As research grows in support of how therapies such as CBT can be valuable in managing chronic conditions, or unexplained symptoms, such as IBS, increasingly doctors and healthcare practitioners are suggesting this treatment to patients to help with symptoms.

This is an area I often refrain from writing about too much, especially in shorter forms, as I do not want to inadvertently villainise the medical profession. Far from it actually. There are so many incredibly patient-centred practitioners doing so much good for their patients, advocating hard and providing excellent medical care. But, as a health psychologist I see the harm that comes with the break down in the relationship between patient and practitioner.  

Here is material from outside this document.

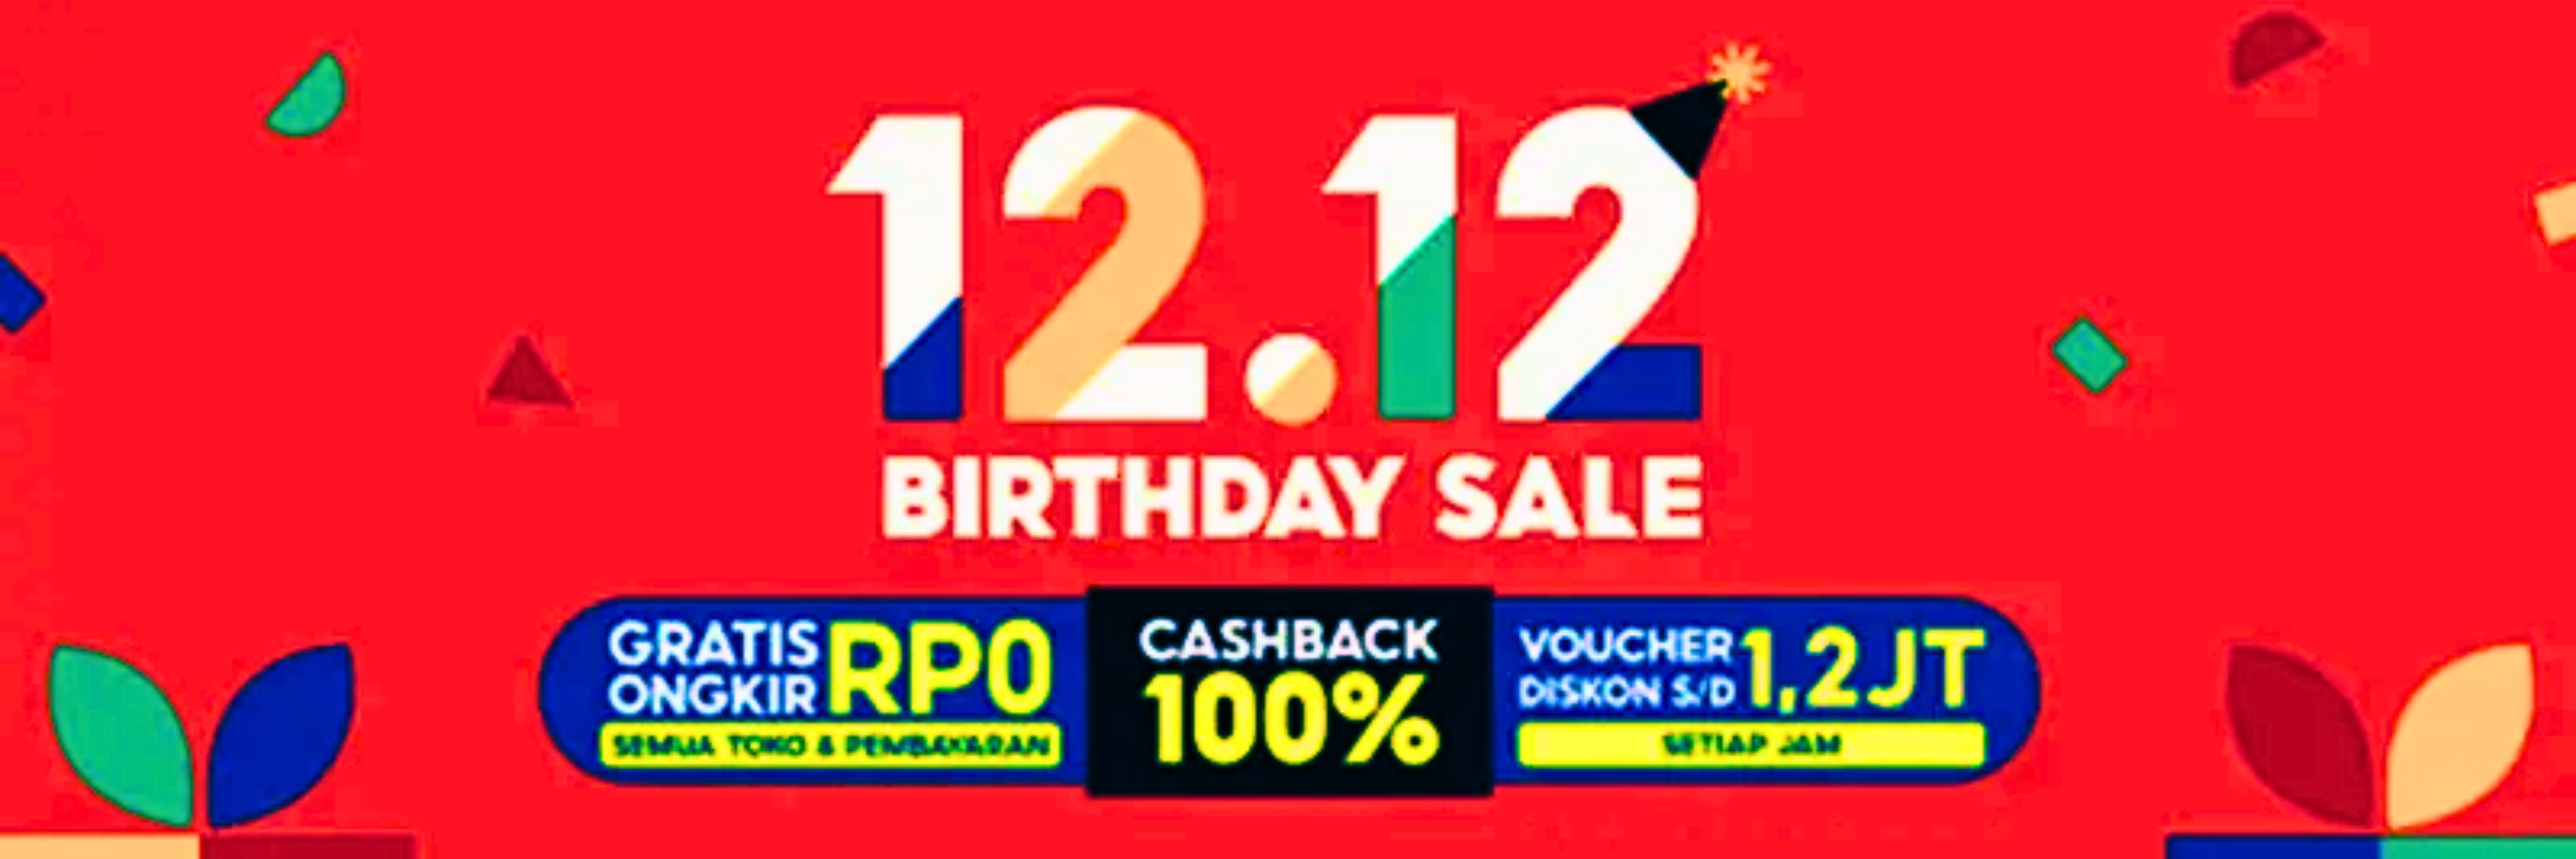 Menyambut Kemeriahan Kampanye 12.12 Birthday Sale Shopee: Mendukung Kemajuan UMKM dan Brand Lokal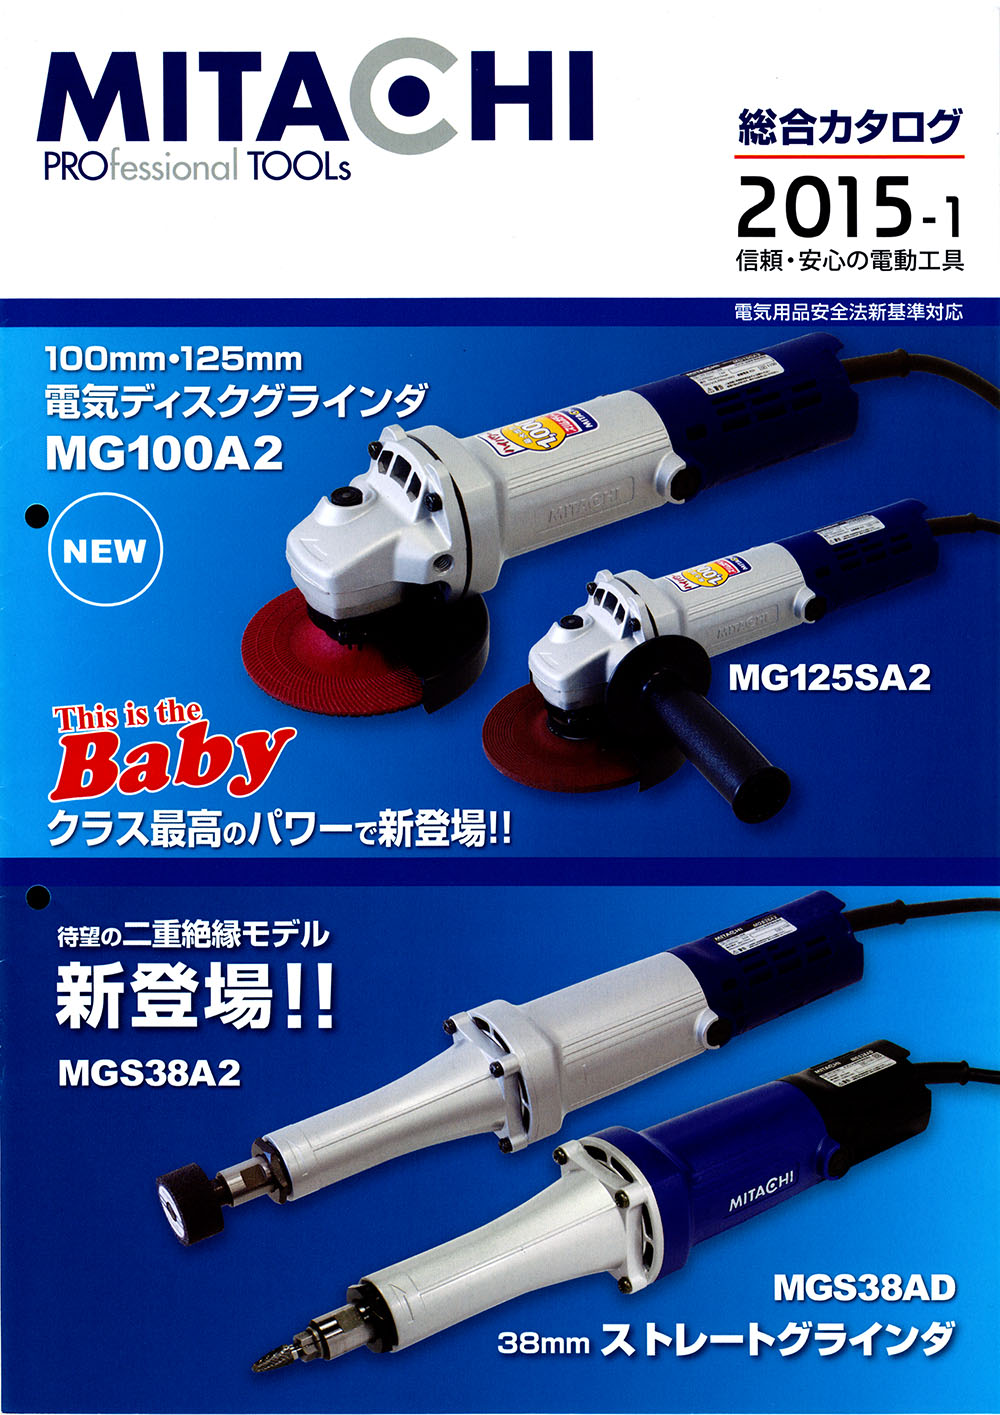 新製品情報も満載 ミタチ ストレートグラインダ MGS38BD-200V 作業工具 電動工具 ディスクグラインダー

Sometimes the suggestion of a psychological treatment for a physical condition can be met with emotions of frustration or anger. You - the doctor- may feel like you are suggesting an alternative that could be valuable in their health journey and offer the patient the support they may need. However, the patient feels dismissed and like they are being told the symptoms are “all in their head.” It can be a tricky balance to reach.

In many appointments, time is limited and there is a pressure to see people quickly and efficiently which can lead to good intentions being miscommunicated. There are some more appropriate ways to approach suggesting psychological therapy for physical conditions which can help the patient feel seen and heard, as opposed to dismissed. 

The patients scenario

In many cases of chronic conditions, it can take a while to get to the bottom of it. As a patient, they’ve been back and forth to the doctors trying to figure out either what is happening to their body or what they can do to help their body, only for the doctor to suggest that they go to therapy. 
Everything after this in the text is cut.